Une quatrième politique, ayant comme ambition une structuration des données à l'échelle du Web dans son ensemble est l'approche représentée par le courant du Web sémantique. Cette politique, antérieure à l'apparition du Web 2.0 mais ayant connu un déploiement limité, consiste en la mise en place et la diffusion de standards permettant la production d'un système hiérarchisé d’ontologies. Le concept du Web sémantique a été développé par le W3C79 et trouve ses origines chez T. Berners-Lee qui évoquait, dès la création du consortium W3C en 1994, l'importance pour optimiser la recherche dans l'espace documentaire du Web de mieux structurer et identifier les ressources disponibles, aussi bien en ce qui concerne leur forme que leur contenu, pour permettre une accessibilité optimisée aux ressources par les humains et les machines. L'idée du Web Sémantique est donc de rendre plus efficace l'accessibilité aux données aussi bien pour l'homme que pour les machines et de ce fait, d'aboutir pour l'utilisateur à un allégement de la tâche de recherche.

Sur le plan technique, le projet du Web sémantique a comme objectif de normaliser les modes d’indexation des informations en proposant des cadres communs qui permettent de décrire le contenu et la structure des documents disponibles en ligne. Cette normalisation implique la production de standards acceptés et utilisés par tous les développeurs et donc l’adhésion au projet du Web sémantique tel qu’il est proposé par le W3C, afin de faciliter l'interopérabilité des différentes ressources disponibles sur le Web.

Ces standards sont adoptés à l'issu d'un processus de validation relativement contraignant, mis en place au sein de la W3C qui fait figure d'autorité. Les standards, avant d'être adoptés, sont produits par différents groupes de travail qui soumettent des « working draft », documents encore en construction, qui peuvent être modifiés durant un délai maximum de trois mois avant d'être formalisés sous forme de documents finaux et doivent proposer au moins deux

prototypes concrètement réalisables. Ces versions finales de recommandations sont ensuite validées par un groupe d'experts qui s'assurent de la compatibilité des standards avec les couches existantes. Seulement à la suite de ces différentes étapes, une recommandation peut être validée en tant que standard de la W3C. A l'inverse des politiques de structuration des données observables sur le Web 2.0 développées de manière autonome, principalement par des micros sociétés avant l'arrivée des grands acteurs qui ont procédé à leur rachat, il s'agit dans le cas du Web sémantique d'une organisation structurée autour de règles bien établies qui a comme ambition une structuration de l'ensemble des données constituant le Web.
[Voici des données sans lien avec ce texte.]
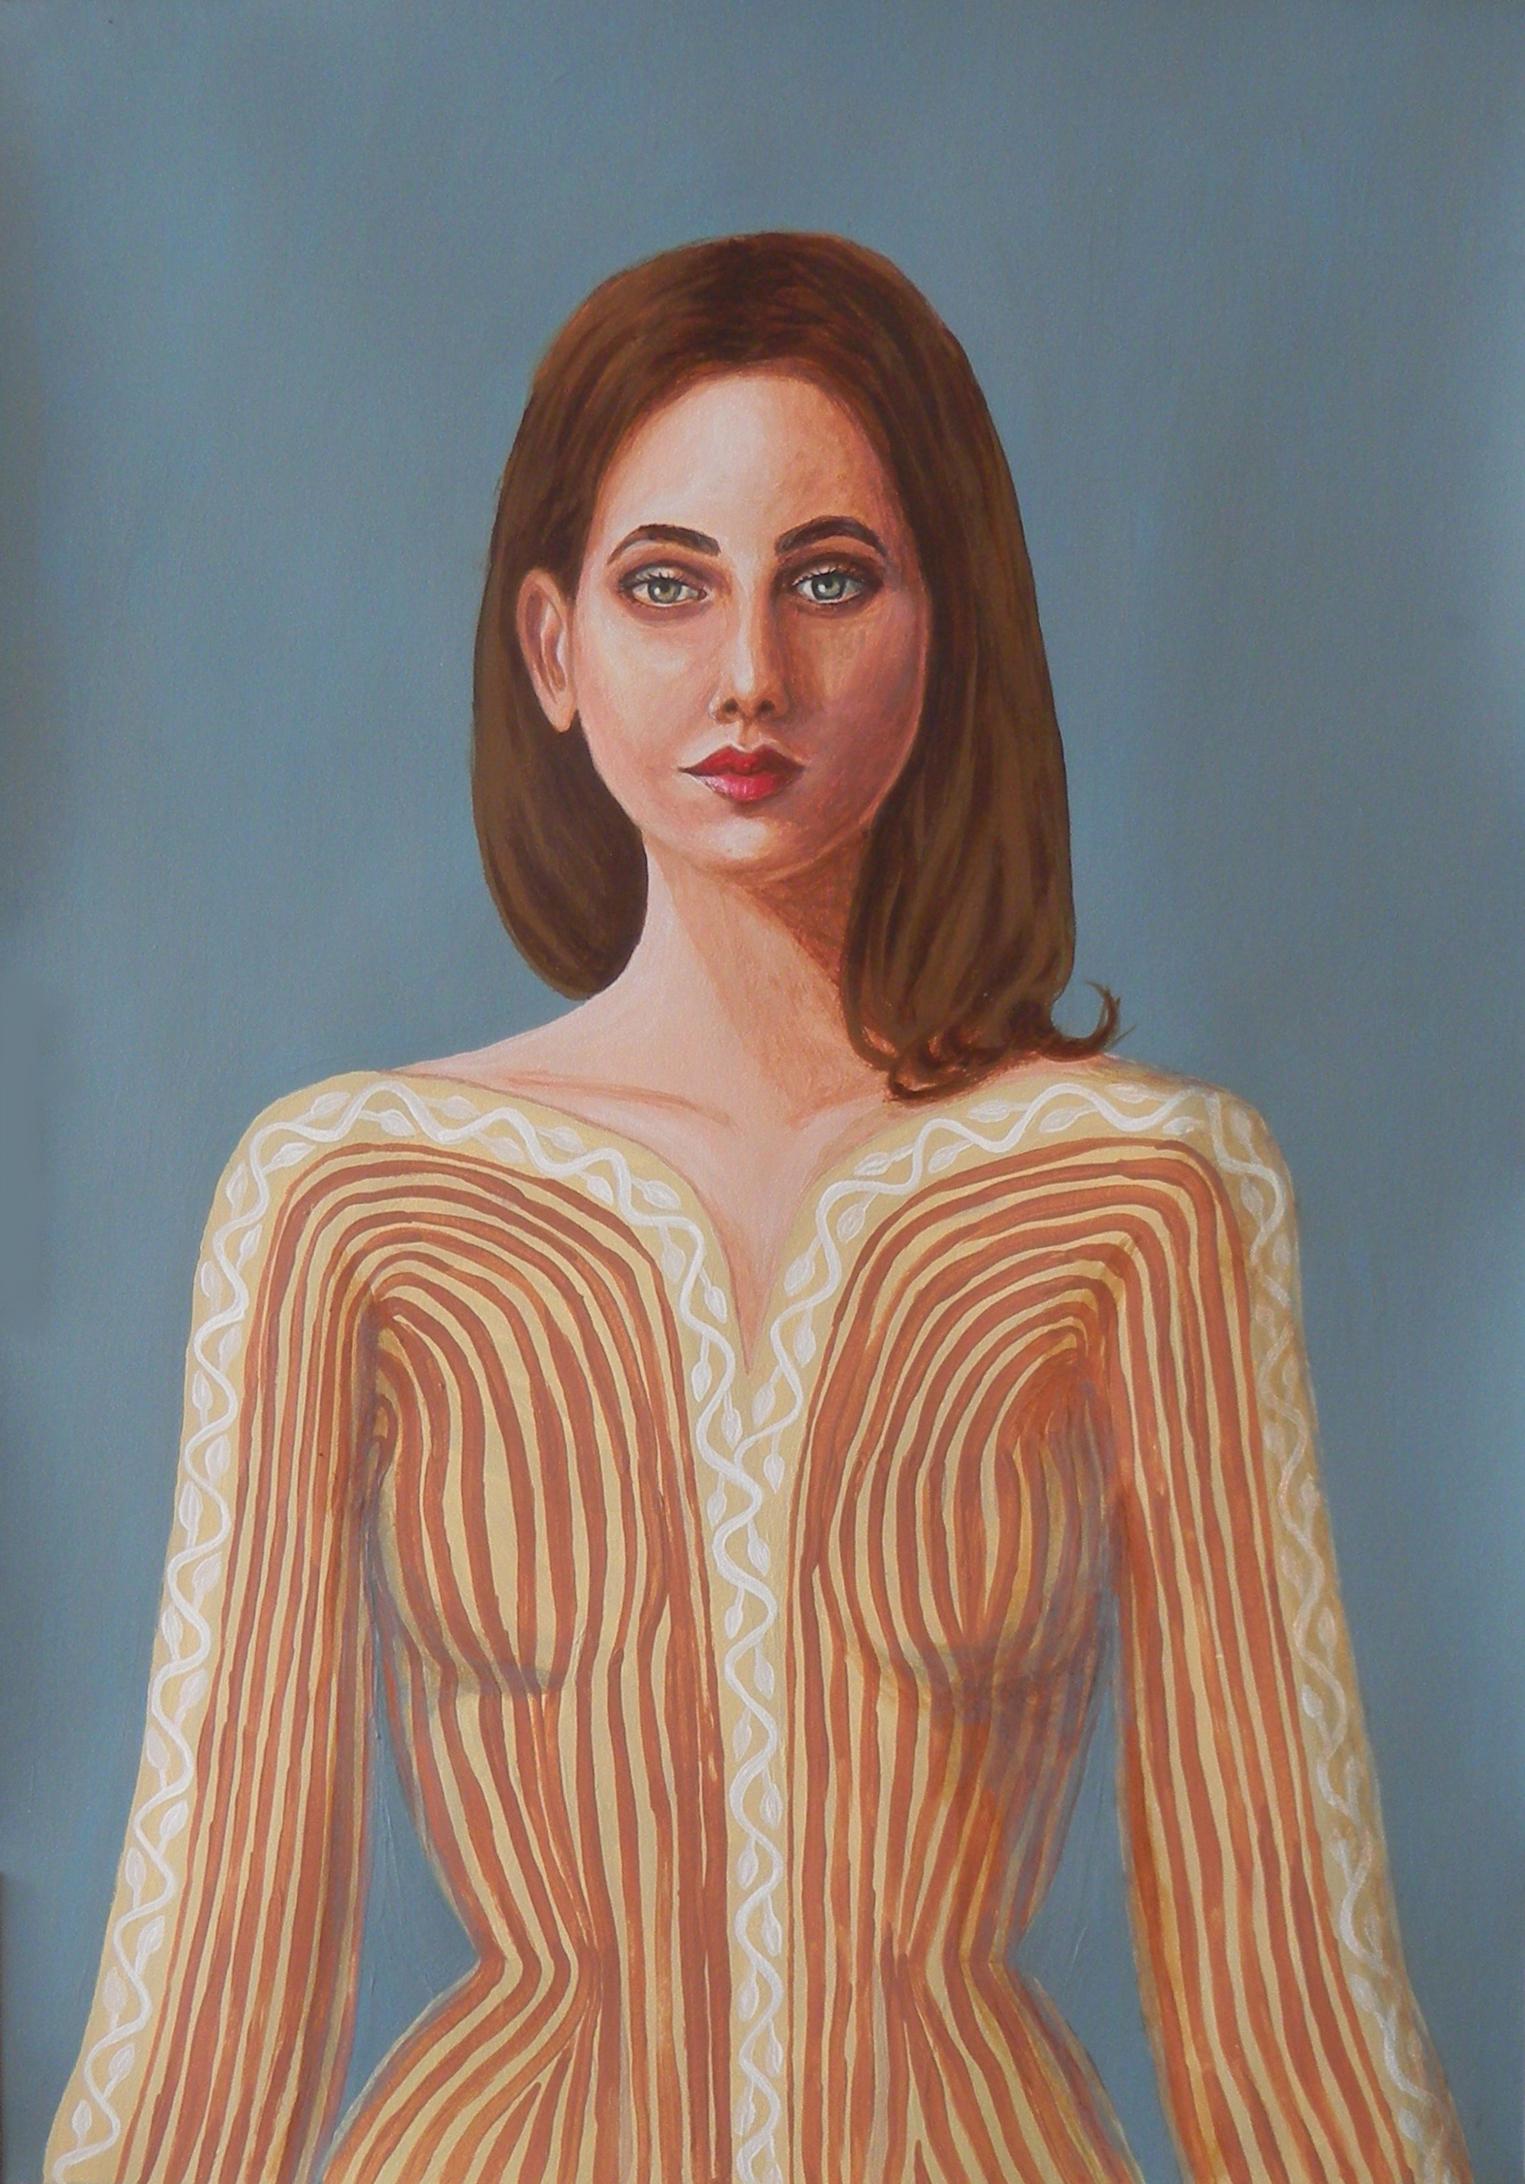 Amélia  - Portrait imaginaire
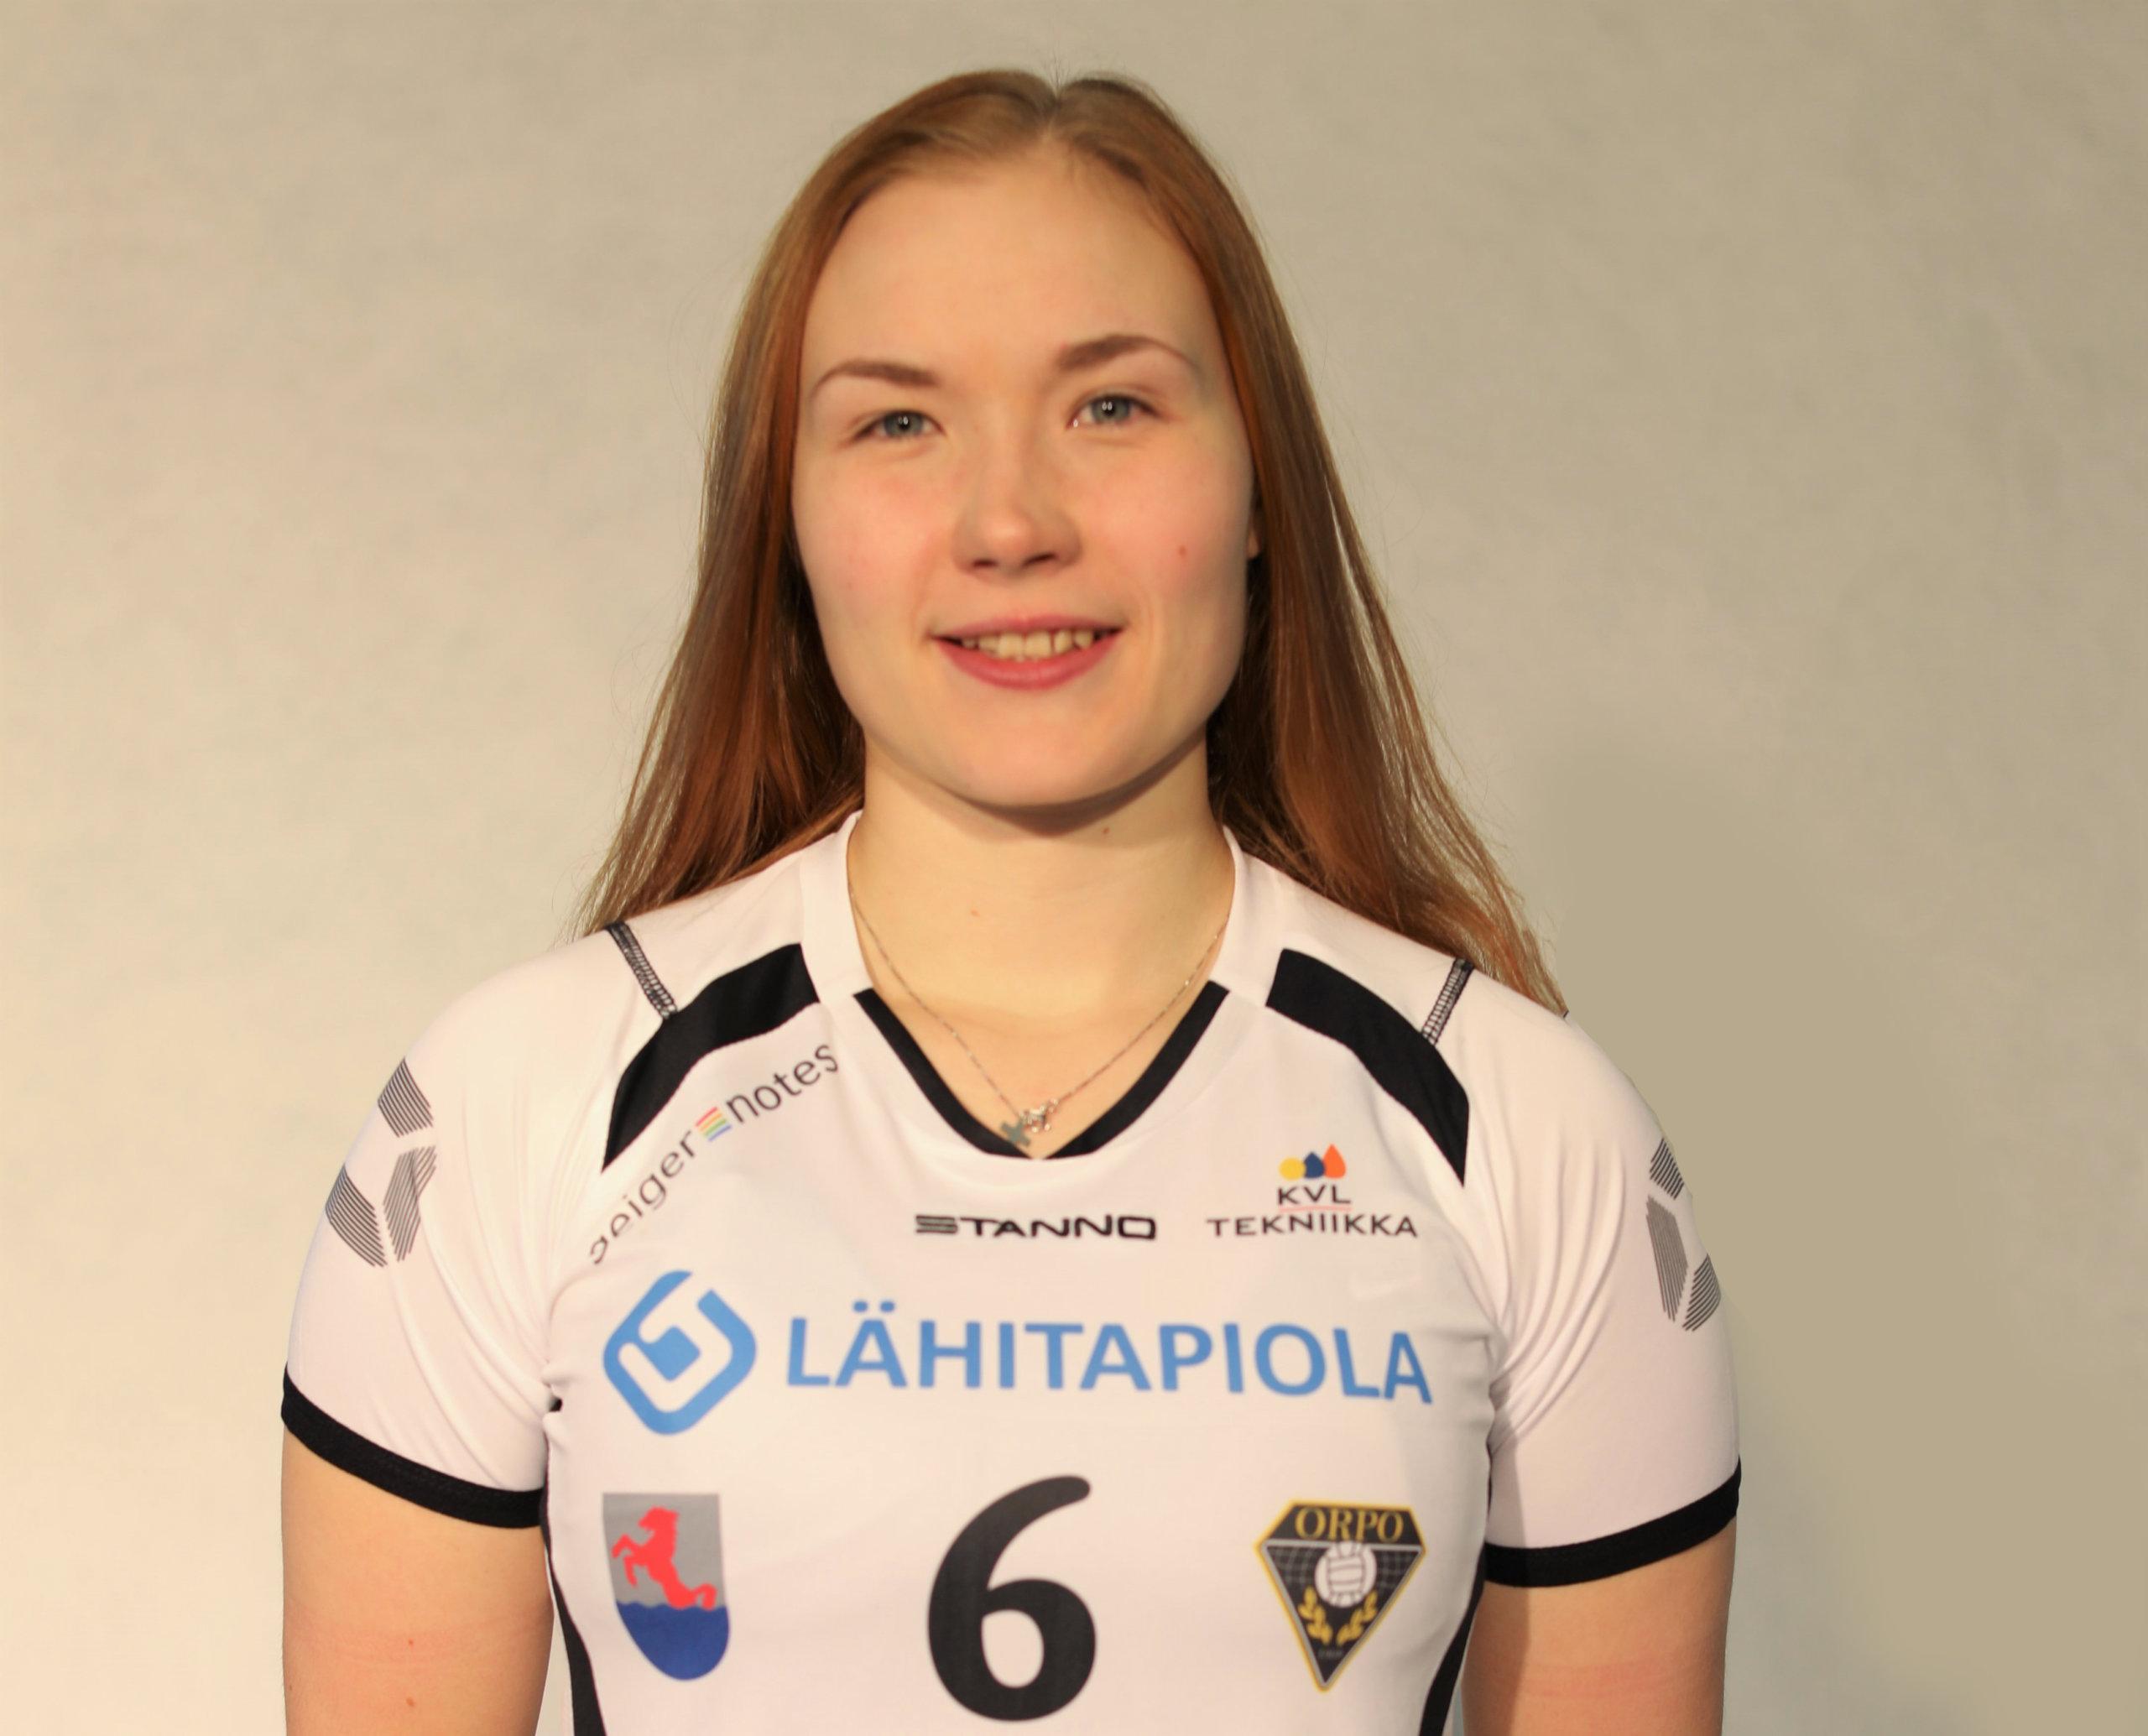 Emilia Putkisaari

On représente l'ensemble de ces standards et de ceux qui sont encore en cours de construction à travers un schéma nommé le « cake sémantique » (The Semantic Web layer cake : figure 6). Il est utilisé comme un guide d'action au développement devant faire aboutir le projet du Web sémantique.

Figure 6 : « Cake sémantique » qui présente les différentes couches techniques sur lesquelles repose le projet

A travers la lecture des couches du « cake sémantique » il est possible d'observer le modèle de structuration proposé par le Web sémantique et les choix politiques sur lesquels il se fonde. Pourtant toutes les couches ne sont pas encore abouties, seules les quatre premières font l'objet de standards adoptés et validés par le W3C, bien que certaines technologies intégrées au « cake sémantique » connaissent des évolutions impulsées par des équipes du W3C. Les différentes couches sont interdépendantes et c'est l'ensemble de ces standards associés qui est susceptible de permettre une meilleure structuration des ressources Web telle qu'elle est envisagée par le W3C. Si l'on veut faire une description sommaire pour expliciter les quatre

couches les plus basses du Web sémantique on peut dire que (Charlet, Laublet, Reynaud, 200480) :

-La première couche se fonde sur les URI (Uniform Ressource Identifier) qui sont un standard d'identification des ressources Web, ainsi que l'Unicode qui est une norme internationale de codage des textes.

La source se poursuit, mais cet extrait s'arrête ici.